Nate Sales

Arbitrary data transmission over the DFZ: How I'm storing my resume in your router's BGP table

February 13, 2021

Update 2/15/2021: It seems that this idea of adding 50 RFC 8092 BGP communities to a route doesn’t play nice with certain BGP implementations. As such, this project is no longer active.

(If you’re looking for my full resume, see https://natesales.net/resume.pdf)

I recently started my search for a summer internship to gain some hands on industry experience, hopefully in network software development. This also meant that it was time to get my resume together. Inspired by Louis Poinsignon’s traceroute resume, I decided to design my own creative way of distributing my resume. Presenting “Arbitrary data transmission over the DFZ: How I’m storing my resume in your router’s BGP table”. In other words, unofficially “draft-sales-binary-over-bgp-communities”.

So how does it work? At the core of the system is GoBGP paired with a serialization algorithm to store arbitrary data in the DFZ as RFC 8092 BGP Large Communities. My code builds into two binaries, a server with an embedded GoBGP daemon to announce the encoded resume route, and a client to read the route’s attributes from another router.
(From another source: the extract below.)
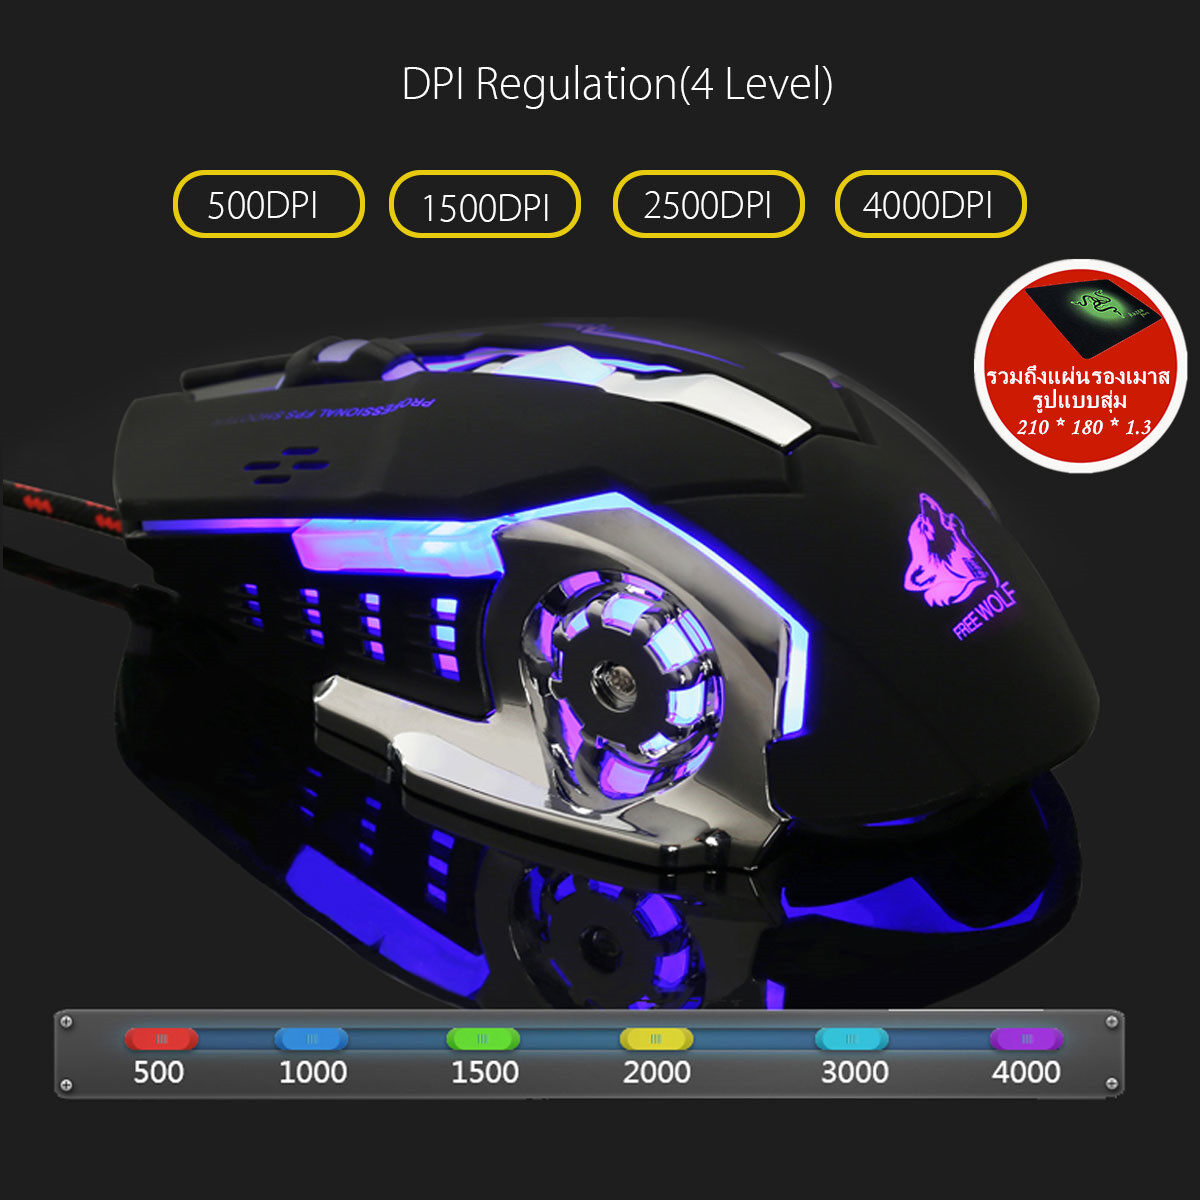 ?UU?Optical Macro Key RGB Gaming Mouse เมาส์เกมมิ่ง ออฟติคอล ตั้งมาโครคีย์ได้ ความแม่นยำสูงปรับ DPI200- 4800 เหมาะกับเกม MMORPG (BNS) FPS MoBA เกมคอมพิวเตอร V5

The daemon encodes the resume from a file into RFC 8092 Large Communities before the BGP speaker announces the route into the DFZ. I could have patched in an additional MP-BGP extension and had nearly complete control over bytes on the wire, but I wanted my resume to be viewable by querying a router without modification of the router’s BGP code. I decided to use the IPv6 Unicast AFI/SAFI, given it’s widespread compatability with almost all BGP implementations and that I have enough IPv6 space to dedicate a /48 for the project.

My encoding algorithm first encodes the input bytes as base64 to ensure the data fits within the ASCII character set. Then, for each character in the resulting string, it is cast to an integer to find the ASCII code, and prefix-padded if necessary to result in a string of 3 digits. These are the concatenated into groups of 3 characters and a prefix of 1 is added to ensure the value doesn’t have a leading zero. The resulting strings are then converted to unsigned 32-bit integers and added in pairs to the 2 local data fields of a BGP large community. The RFC 8092 Global Administrator field of all communities is set to the announcing origin ASN (AS34553).

Each local data field as defined in RFC 8092 is an unsigned 32 bit integer, which works out to 6 characters stored per community. Unfortunately there is a limit to the amount of data that can be stored in BGP route attributes. With base64 overhead, the actual maximum storage space per route varies in order to stay within the allowed BGP UPDATE message size. I’m not storing my entire resume in the DFZ, but rather the first few sections with a link to the full PDF. All in all, it fits in about 50 BGP large communities. I chose to add base64 mainly in order to expand the usable character set for resume formatting, but the result is that other binary files could be sent over BGP Large Community encoding too.

To decode the data, a BGP table lookup is ran on a router and fed into a parser and decoder in order to split the community integers into slices of 3 characters, trim leading zeroes, cast to characters, concatenate, and decode as base64. Voila!

BGP Resume Communities

BGP Resume Communities

BGP Resume Markdown

BGP Resume Markdown

The result is my resume can now be found in the DFZ — and if your router carries a full table — in your router’s BGP attribute memory. Kind of neat to think about, isn’t it?